The benchmarks are related to no-bias data classification, i.e., we do not consider the bias of the hyperplane in a classification model. However we include it by means of augmenting w = [w; B] and x = [x; b]. Then, the SVM dual formulations result into
(1) argmin 1/2 a' H a - a' e s.t. 0 <= a <= Ce
(2) argmin 1/2 a' H a - a' e s.t. 0 <= a
for l1-loss and l2-loss, respectively. The classification dataset, namely mushrooms and phishing, were downloaded from the LIBSVM dataset page.

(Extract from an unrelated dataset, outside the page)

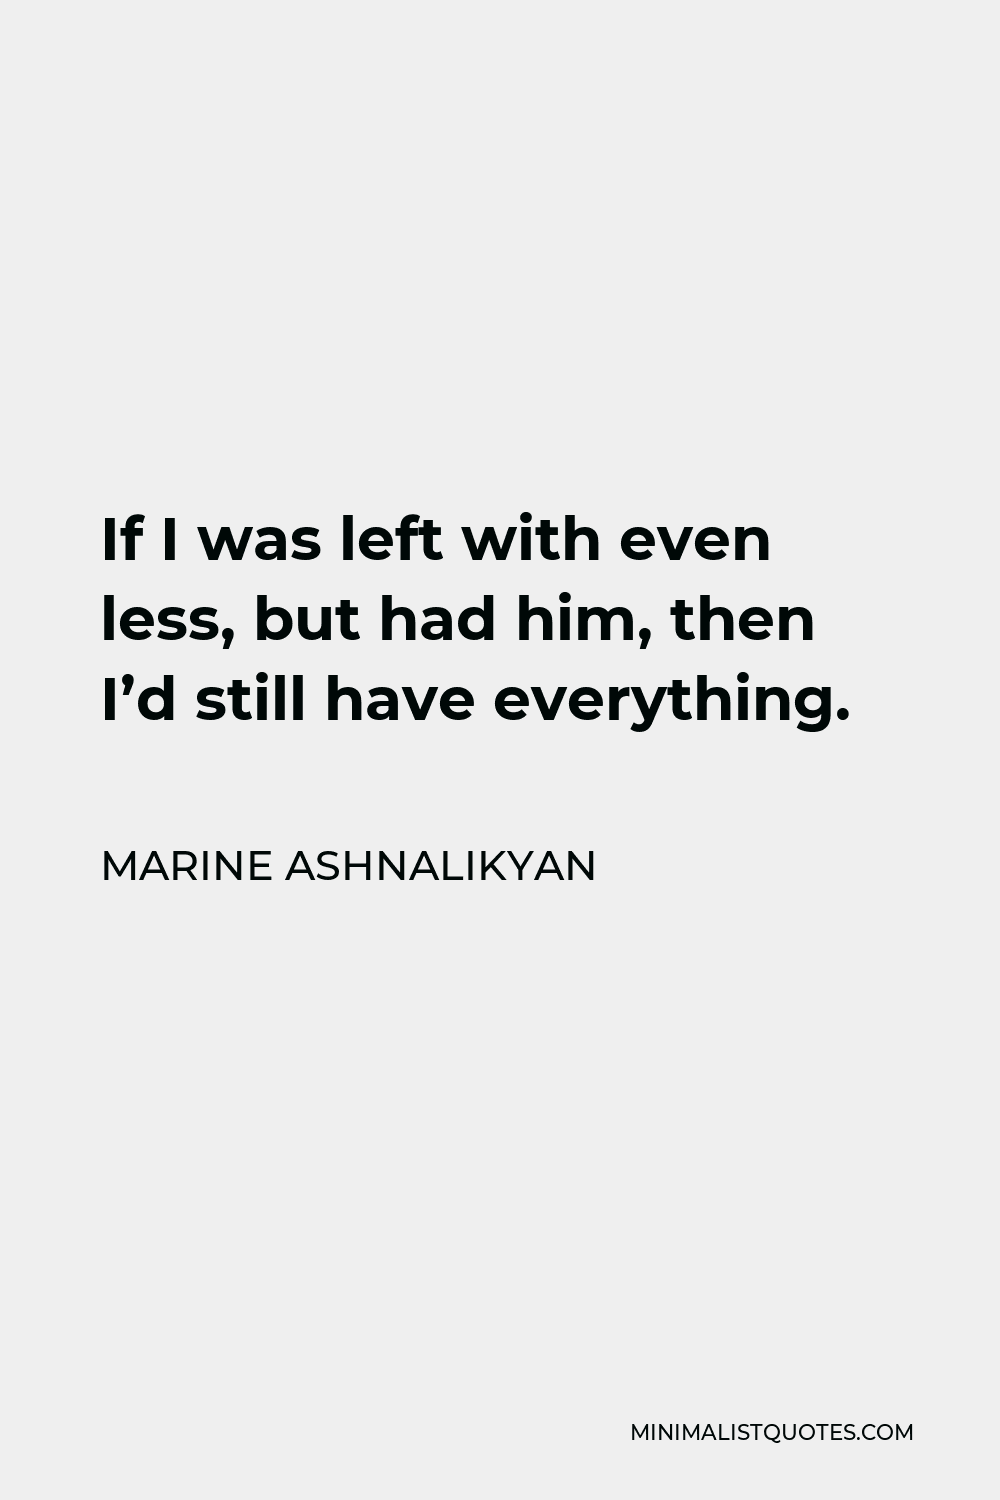 Marine Ashnalikyan Quote - If I was left with even less, but had him, then I’d still have everything.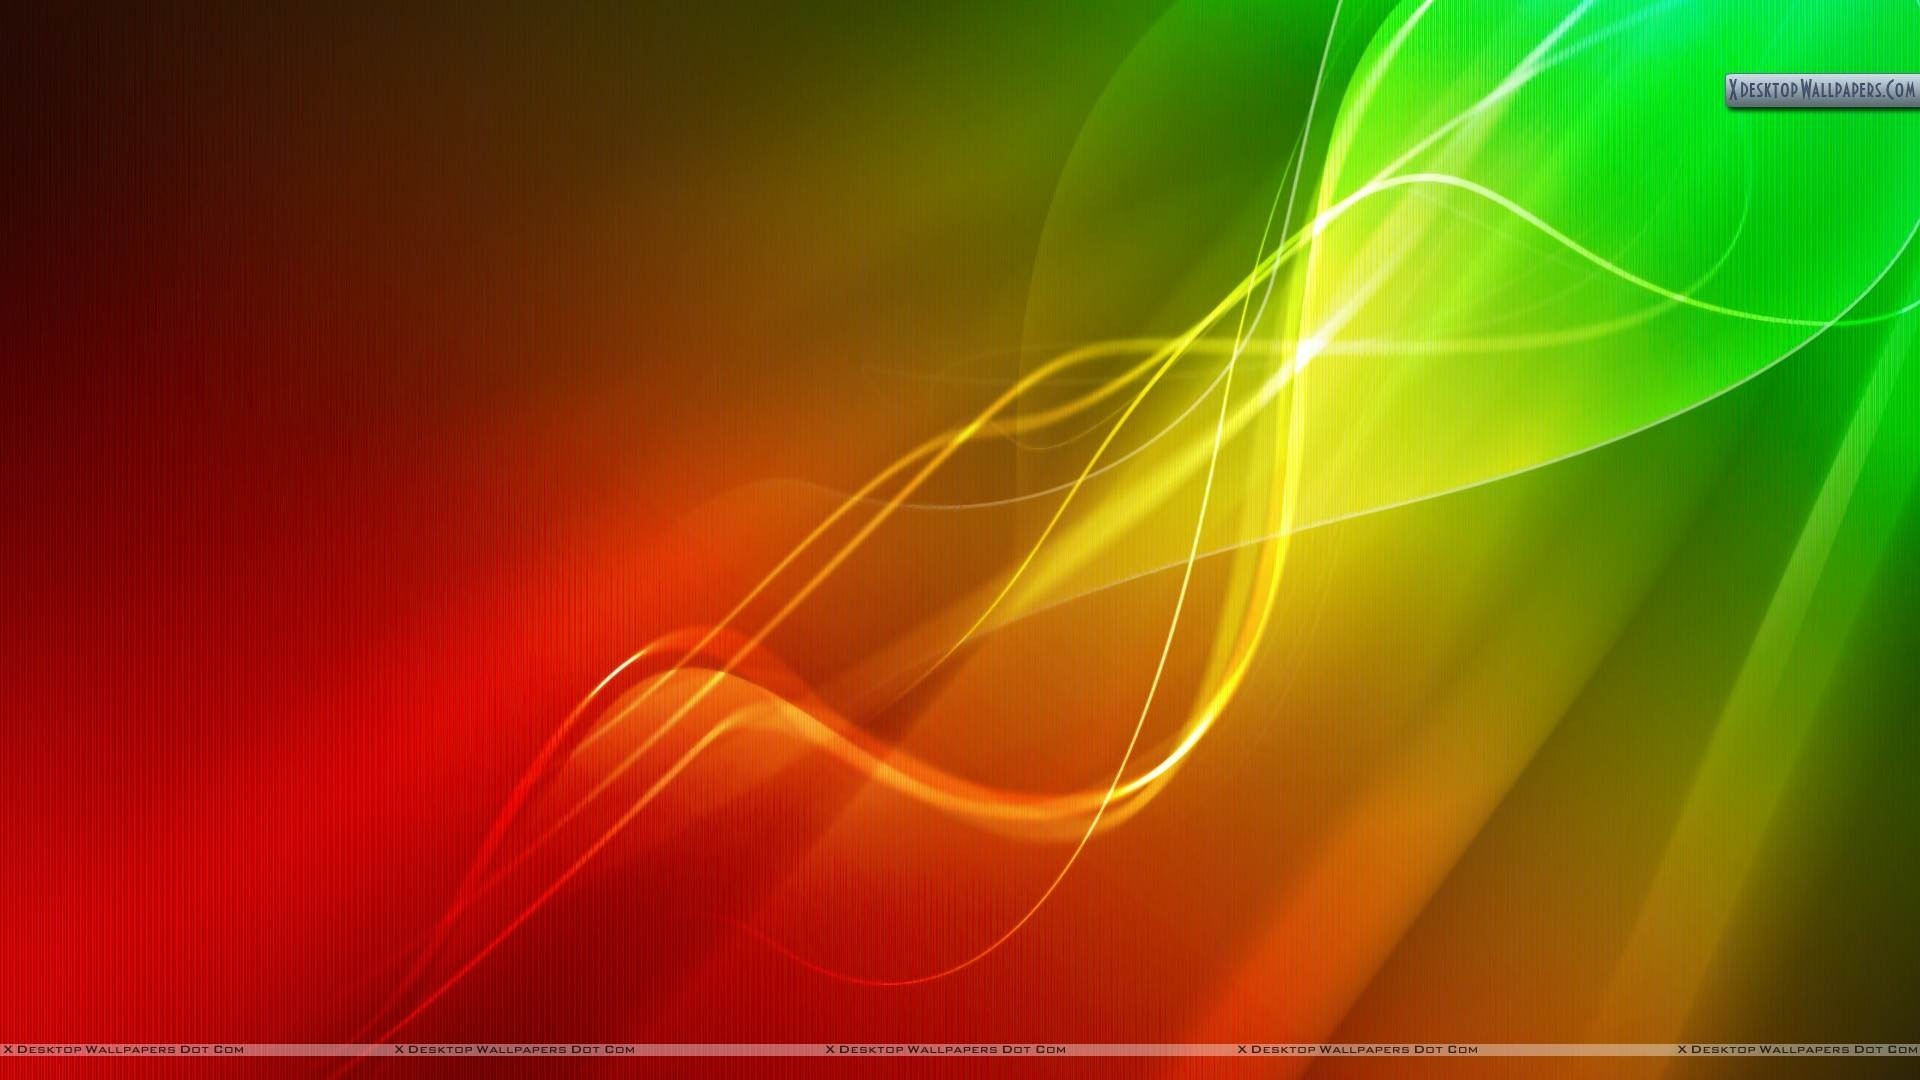 Wallpapers Backgrounds – Black abstract green lights red wallpaper desktop white

Dataset | Samples+ | Samples- | Features |
---|---|---|---|
Mushrooms | 2830 | 2613 | 112 |
Phishing | 4073 | 3333 | 68 |
Displacement of a string with fixed ends subject to the lower bound. Solved as finite differences discretization of
-u''(x) = -15, x in [0,1]
u(0) = u(1) = 0
s.t. u(x) > sin(4*pi*x -pi/6)/2 -2
Displacement of a string with fixed ends subject to the lower bound on the first half of the domain. Solved as finite differences discretization of
-u''(x) = -15, x in [0,1]
u(0) = u(1) = 0
s.t. u(x) > sin(4*pi*x -pi/6)/2 -2, x in [0,1/2]
Pressure distribution in a journal bearing from MINPACK-2 (epsilon = 0.1, b = 10). See http://ftp.mcs.anl.gov/pub/tech_reports/reports/P153.pdf, section 4.2, page 33.
The problem has only a lower bound. The provided upper bound is set to constant vector = 1000 and can be ignored.